What the task requires
Give the data again exactly as written, skipping any pictures.

Given data
-=-=-=-=-

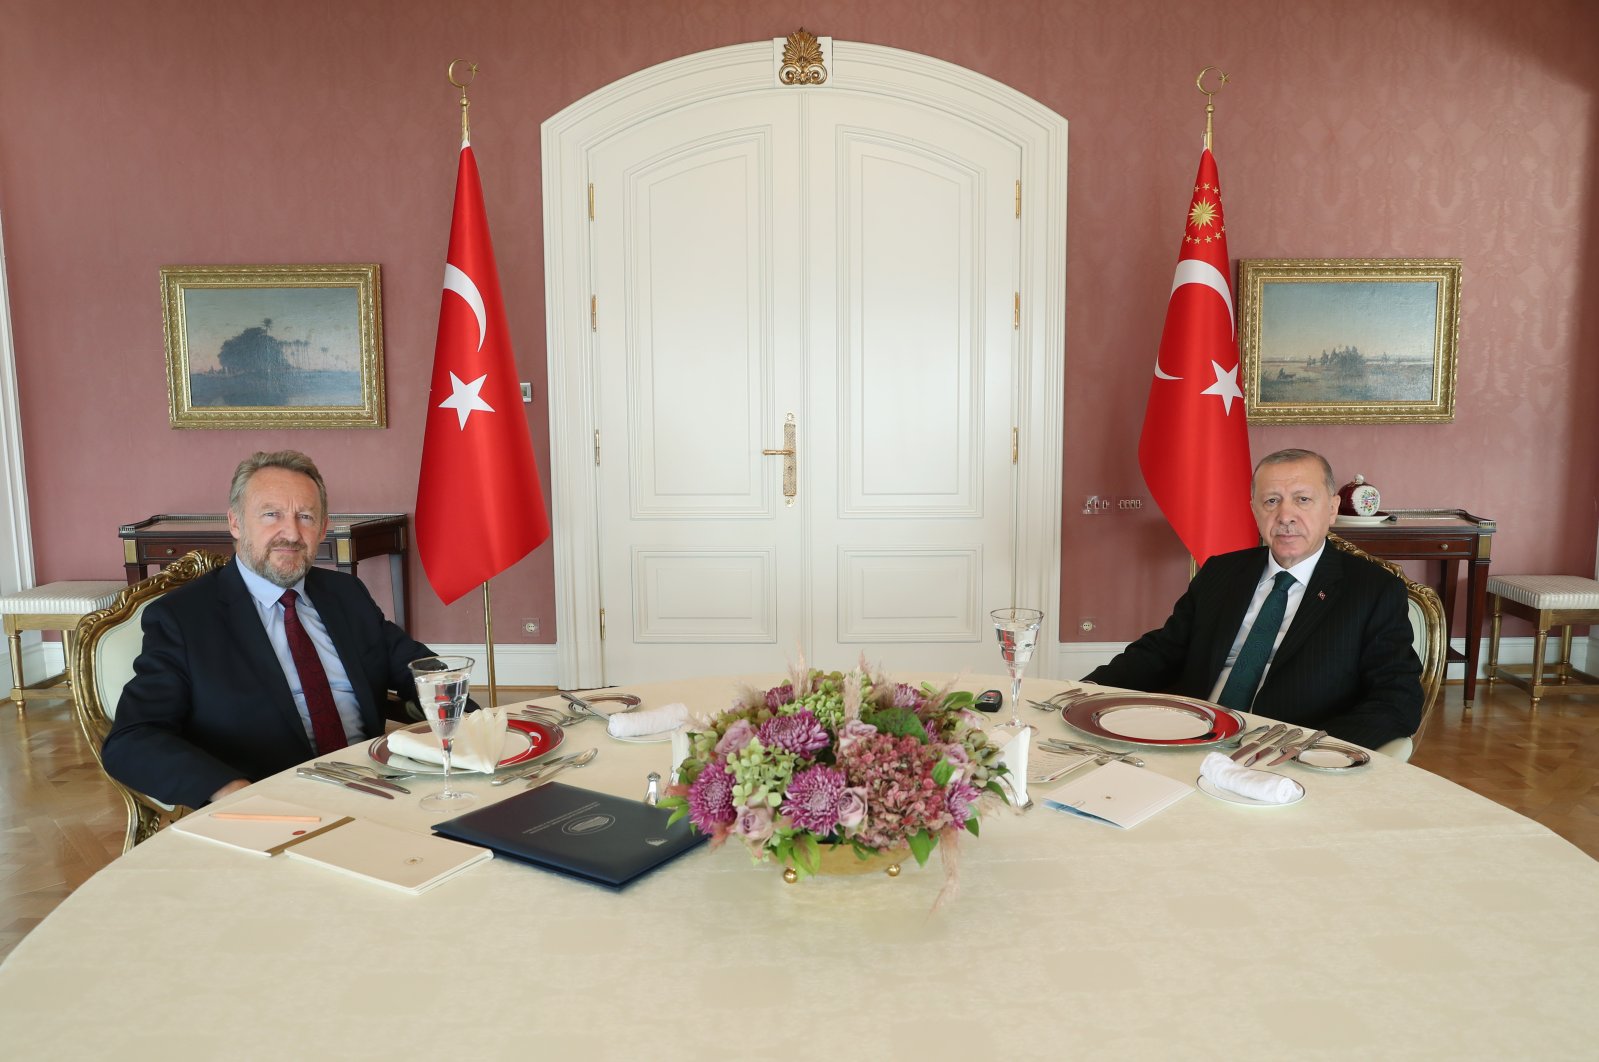 President Recep Tayyip Erdoğan meets with Bakir Izetbegovic in Istanbul, Turkey, Nov. 2, 2021. (DHA Photo)
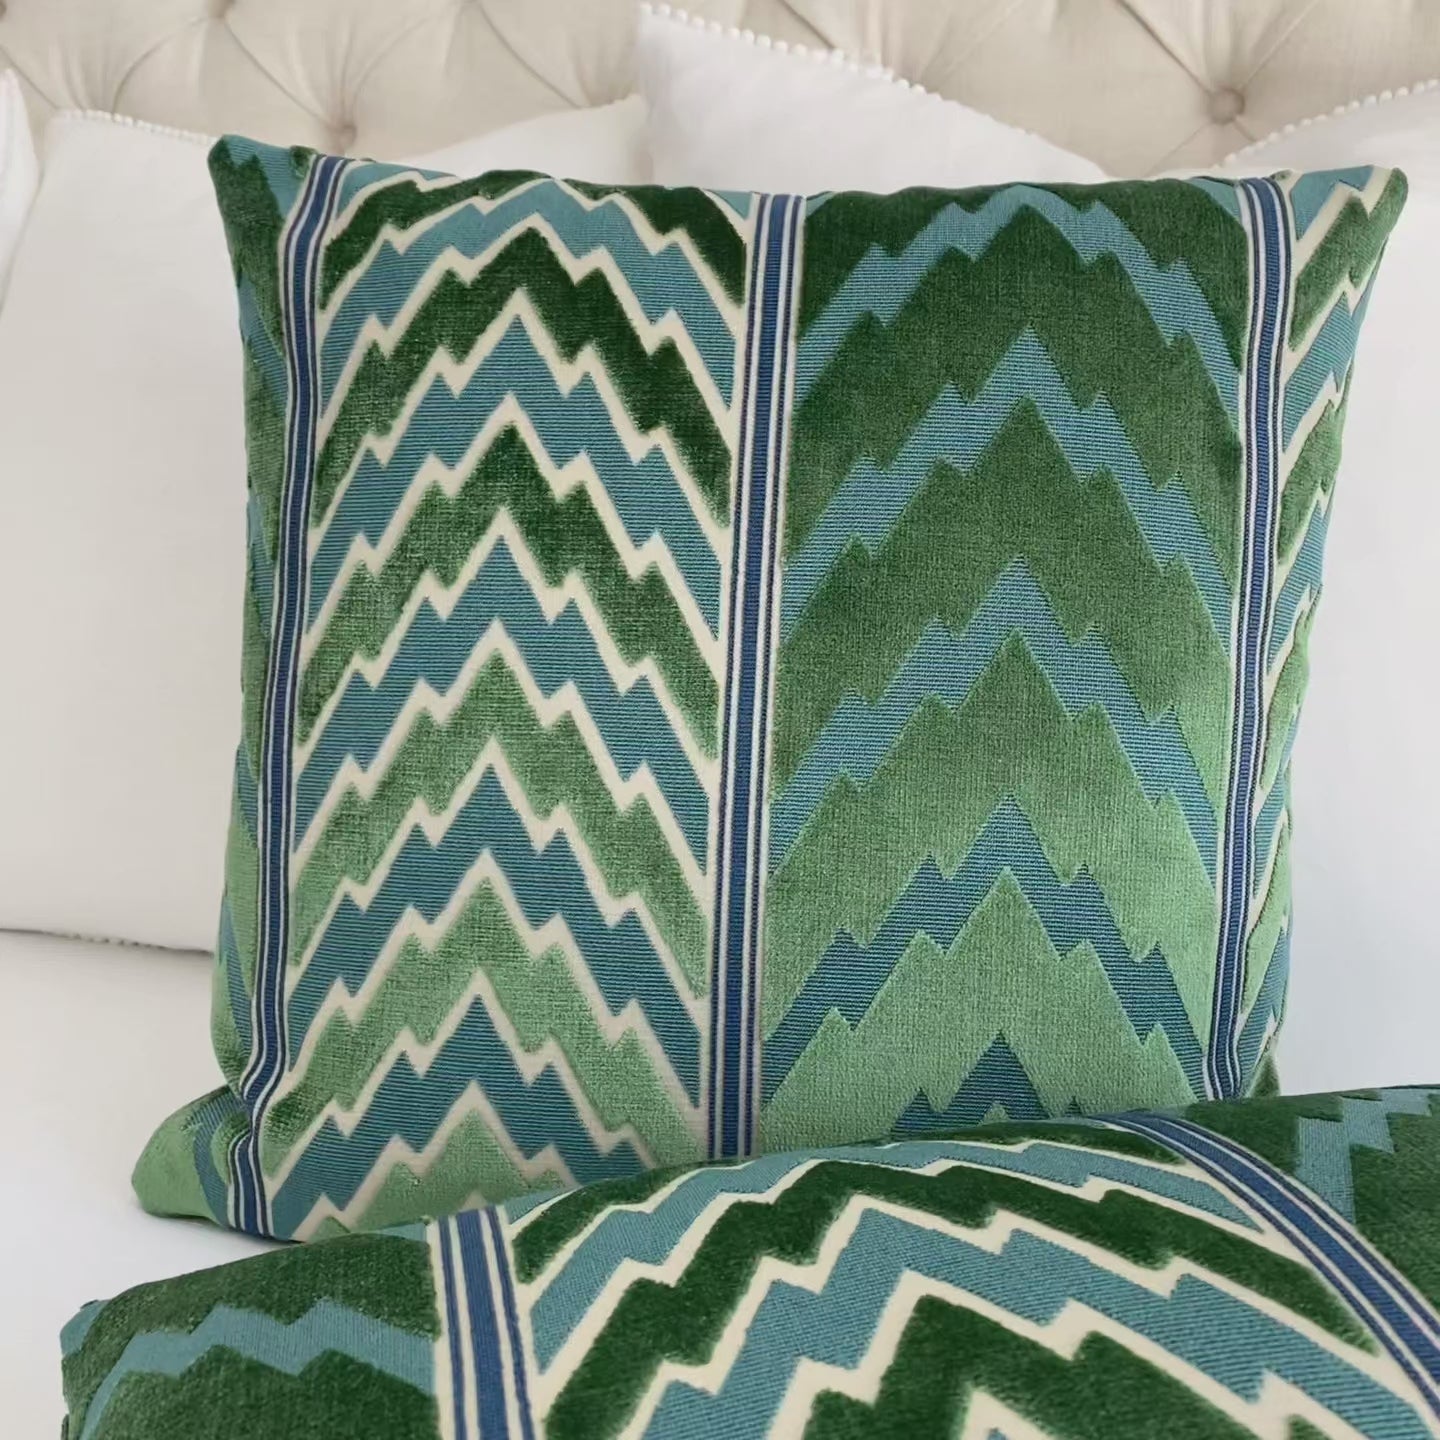 Schumacher Florentine Emerald Green Velvet Flame Stitch Designer Luxury Decorative Throw Pillow Cover Product Video
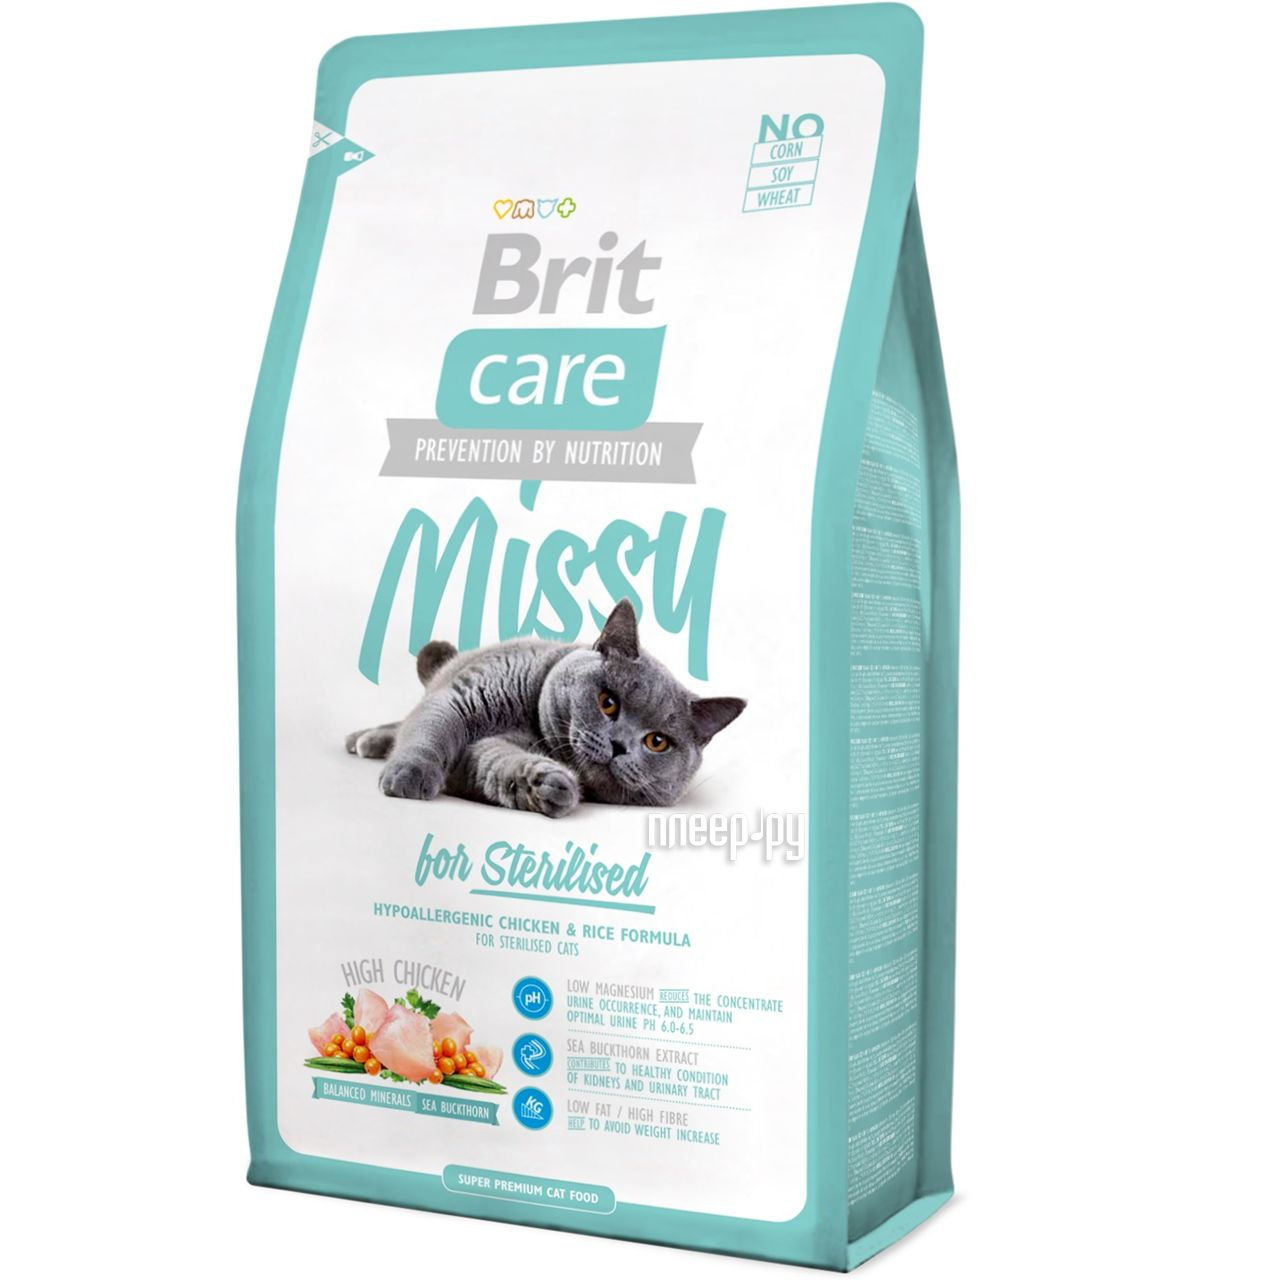  Brit Care Cat Missy for Sterilised 2kg   132625 / 103301 / 05739 
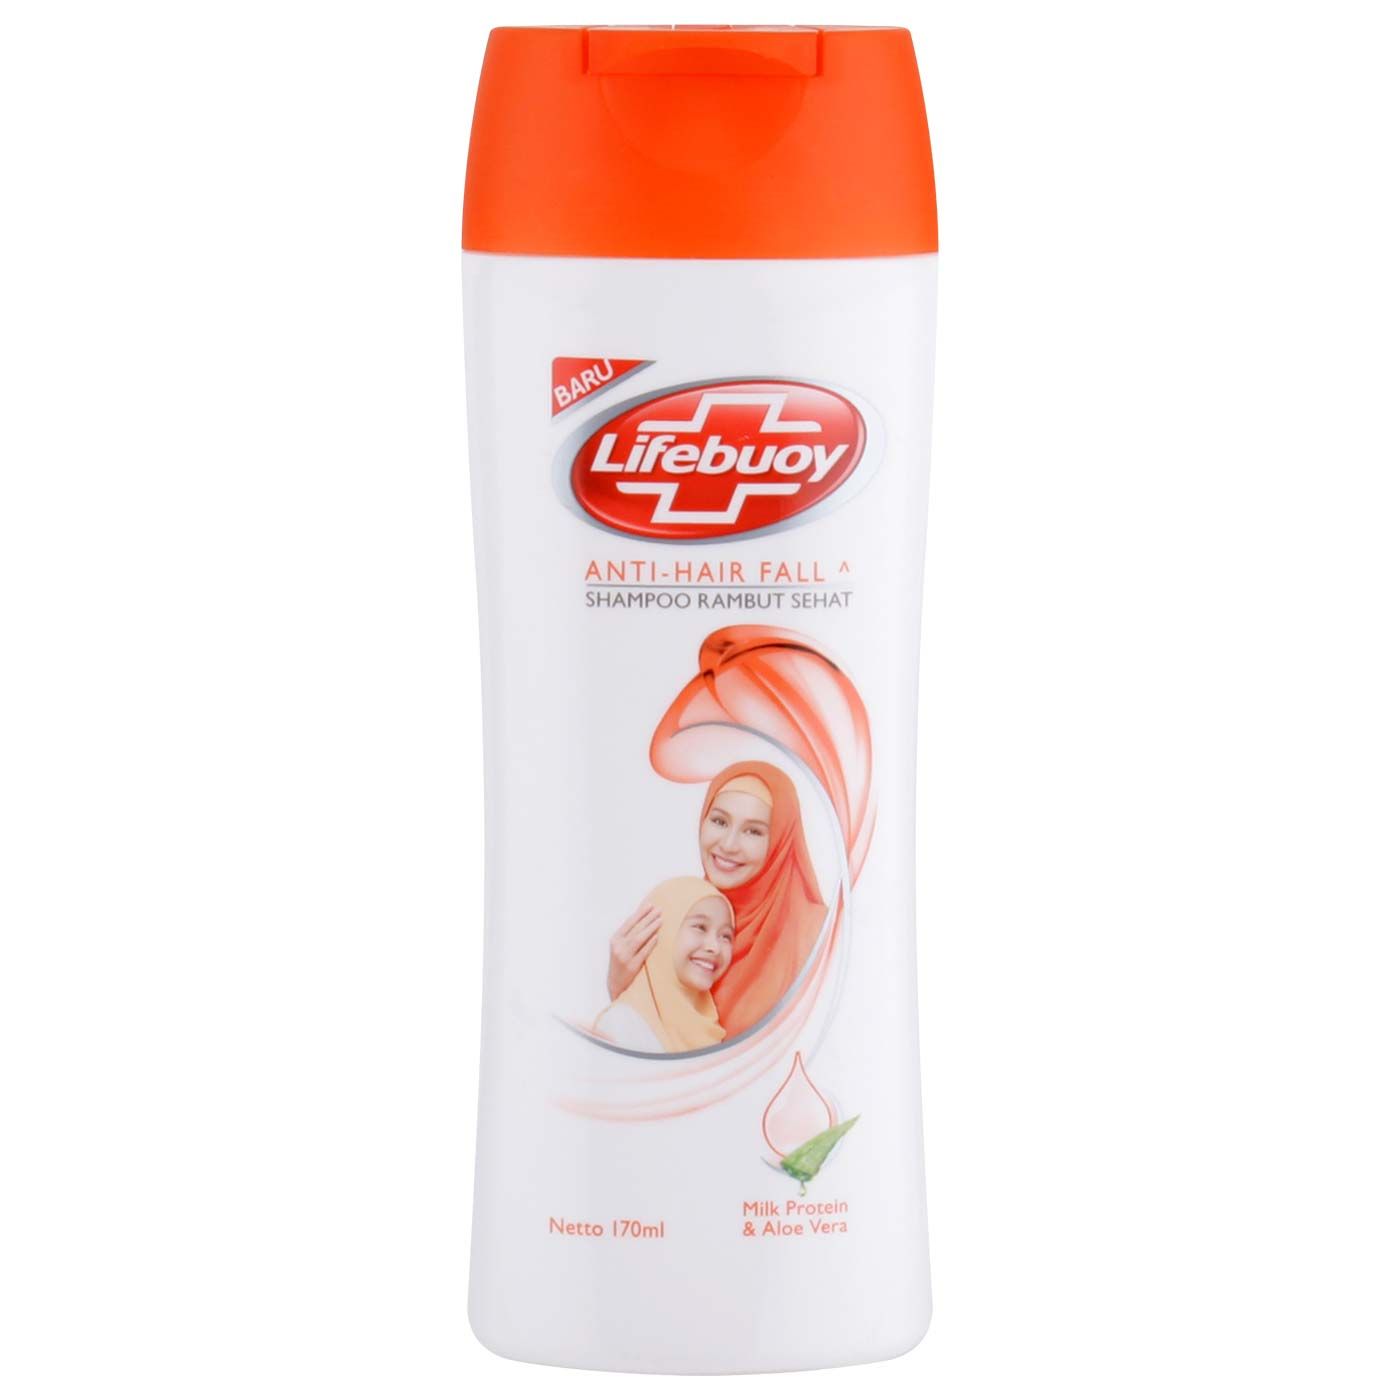 Lifebuoy Shampoo Anti Hairfall Fx 170ml - 1

-=-=-=-=-

Exercise response
 President Recep Tayyip Erdoğan meets with Bakir Izetbegovic in Istanbul, Turkey, Nov. 2, 2021. (DHA Photo)
 Schumacher Florentine Emerald Green Velvet Flame Stitch Designer Luxury Decorative Throw Pillow Cover Product Video
  Brit Care Cat Missy for Sterilised 2kg   132625 / 103301 / 05739 
 Lifebuoy Shampoo Anti Hairfall Fx 170ml - 1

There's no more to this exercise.